Source: Day 9: Movie Theater
Full solution for today (spoilers!).
Part 1
Given a list of points (2D), find the pair of points which form the largest rectangle.
#[aoc::register]
fn part1(input: &str) -> impl Into<String> {
let points = input.lines().map(Point2D::from).collect::<Vec<_>>();
let mut max_area = 0;
for i in 0..points.len() {
for j in i + 1..points.len() {
let xd = (points[i].x - points[j].x).abs() + 1;
let yd = (points[i].y - points[j].y).abs() + 1;
let area = xd * yd;
if area > max_area {
max_area = area;
}
}
}
max_area.to_string()
}
I expect you could estimate a bit more by looking at the points, but honestly, this works fine.

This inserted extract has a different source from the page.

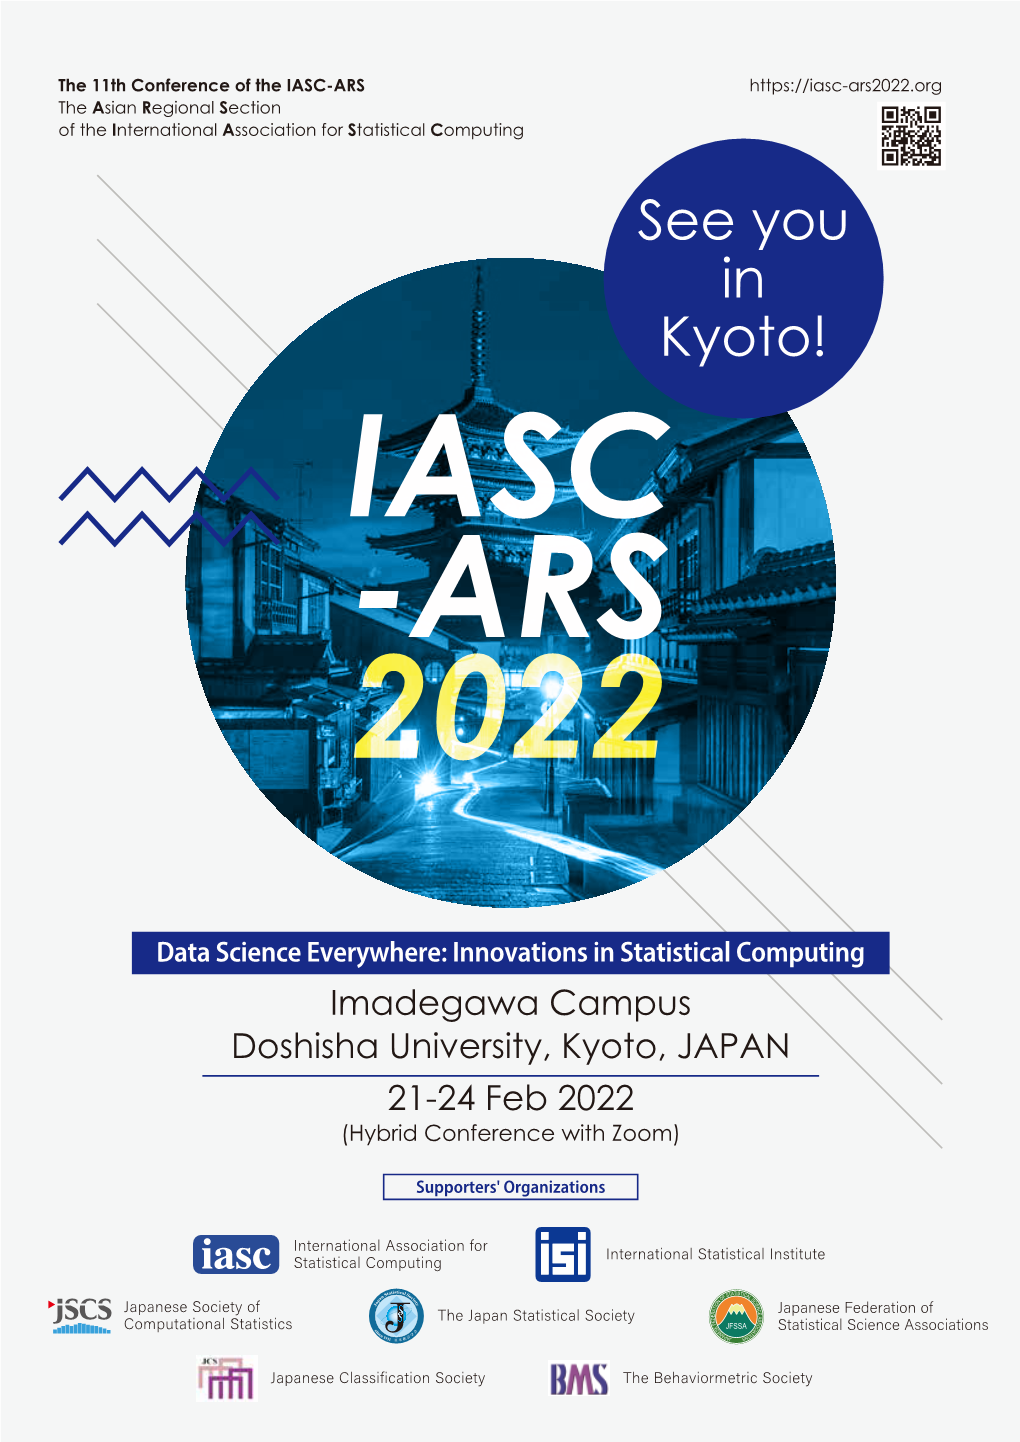 See You in Kyoto! IASC -ARS 2022

$ just run-and-bench 9 part1
4749929916
part1: 117.402µs ± 5.432µs [min: 108.583µs, max: 146.583µs, median: 117.791µs]
Part 2
The points define a polygon. Find the largest rectangle made by two points that lies entirely within the polygon.
Well isn’t that fun.
At the very least it’s worth making a few helper classes:
line2d.rs
#[derive(Debug, Copy, Clone, PartialEq, Eq, Hash)]
pub struct Line2D {
start: Point2D,
end: Point2D,
}
impl Line2D {
pub fn new(start: Point2D, end: Point2D) -> Self {
Line2D { start, end }
}
pub fn intersects(&self, other: &Line2D) -> bool {
let d1 = (self.end.x - self.start.x) * (other.start.y - self.start.y)
- (self.end.y - self.start.y) * (other.start.x - self.start.x);
let d2 = (self.end.x - self.start.x) * (other.end.y - self.start.y)
- (self.end.y - self.start.y) * (other.end.x - self.start.x);
let d3 = (other.end.x - other.start.x) * (self.start.y - other.start.y)
- (other.end.y - other.start.y) * (self.start.x - other.start.x);
let d4 = (other.end.x - other.start.x) * (self.end.y - other.start.y)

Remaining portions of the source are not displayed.